2: Build good data infrastructure.
In many situations, the client won’t have the data you need, and public data won’t be an option. If part of your prototype requires collecting and labeling new data, make sure that your infrastructure to do this creates as little friction as possible.
You’ll want to make sure data labeling is very easy so it’s approachable for non-techies as well. We have started using Prodigy, which I think is a good tool: Both accessible and extendable. Depending on the size of the project, you might also want to set up an automated data ingest which can take in new data and automatically feed it to the labeling system.
If getting new data into your system is quick and easy, you will get more data.
3: Do some data augmentation.
You can often extend your dataset by augmenting the data that you have. It’s about making slight changes to the data that should not significantly change the model output. For example, an image of a cat is still an image of a cat if it’s rotated 40 degrees.
In most cases, augmentation techniques allow you to produce many more “semi-unique” data points for training your model. You could, as a start, try adding small amounts of Gaussian noise to your data.

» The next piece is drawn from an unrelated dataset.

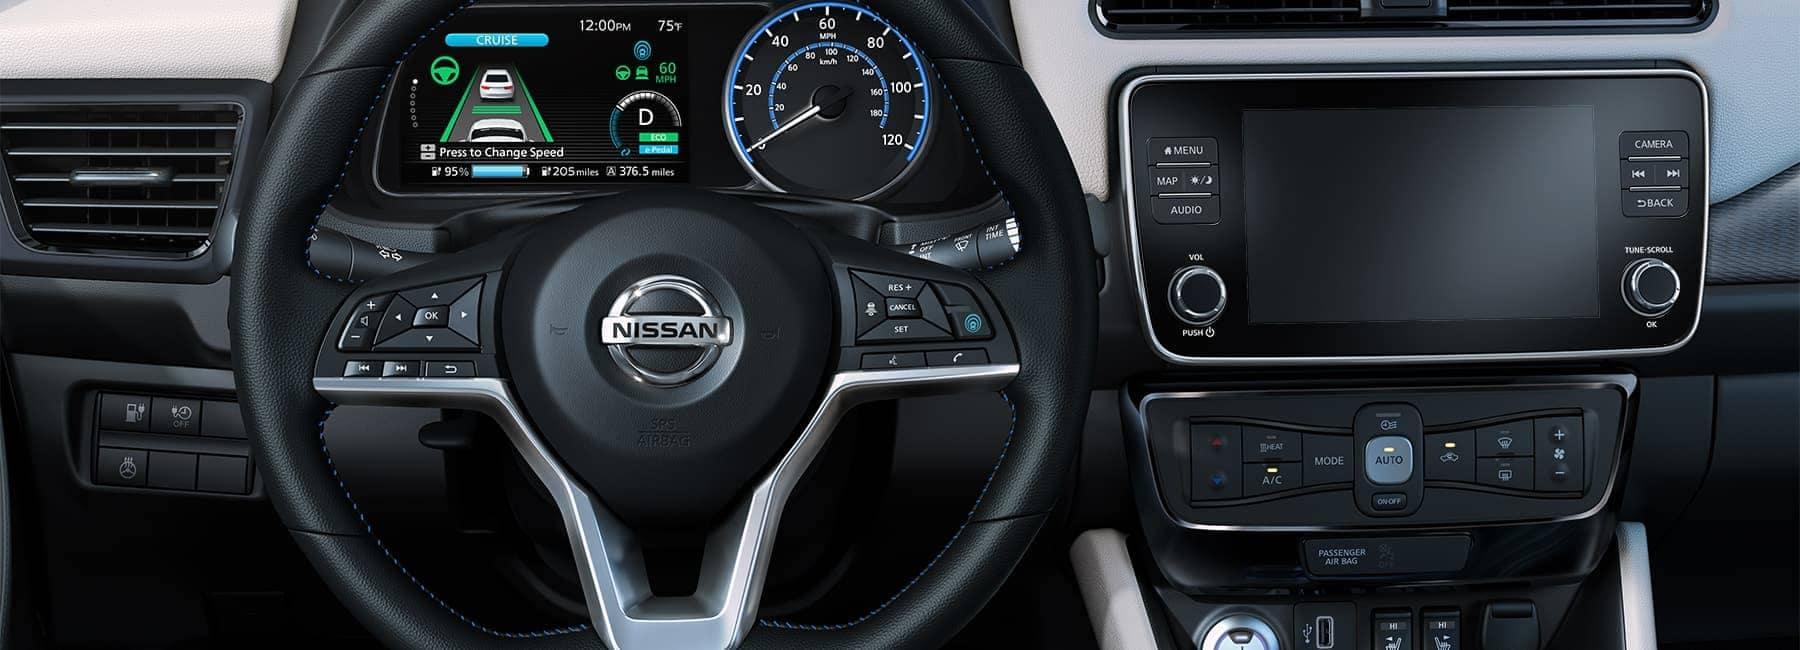 2020-nissan-leaf-interior-steering-wheel

For computer vision, there are lots of neat ways to augment your images. I have had positive experiences with the Albumentations library which does many useful image transformations while keeping your labels unharmed.
Another augmentation technique that many have found useful is Mixup. This technique literally takes two input images, mixes them together and combines their labels.
When augmenting other input data types, some consideration needs to be given to which transformations would change a label and which wouldn’t.
4: Generate some synthetic data.
If you have exhausted your options for augmenting real data, you could start thinking about creating some fake data. Generating synthetic data can also be a great way to cover some edge cases that your real dataset does not.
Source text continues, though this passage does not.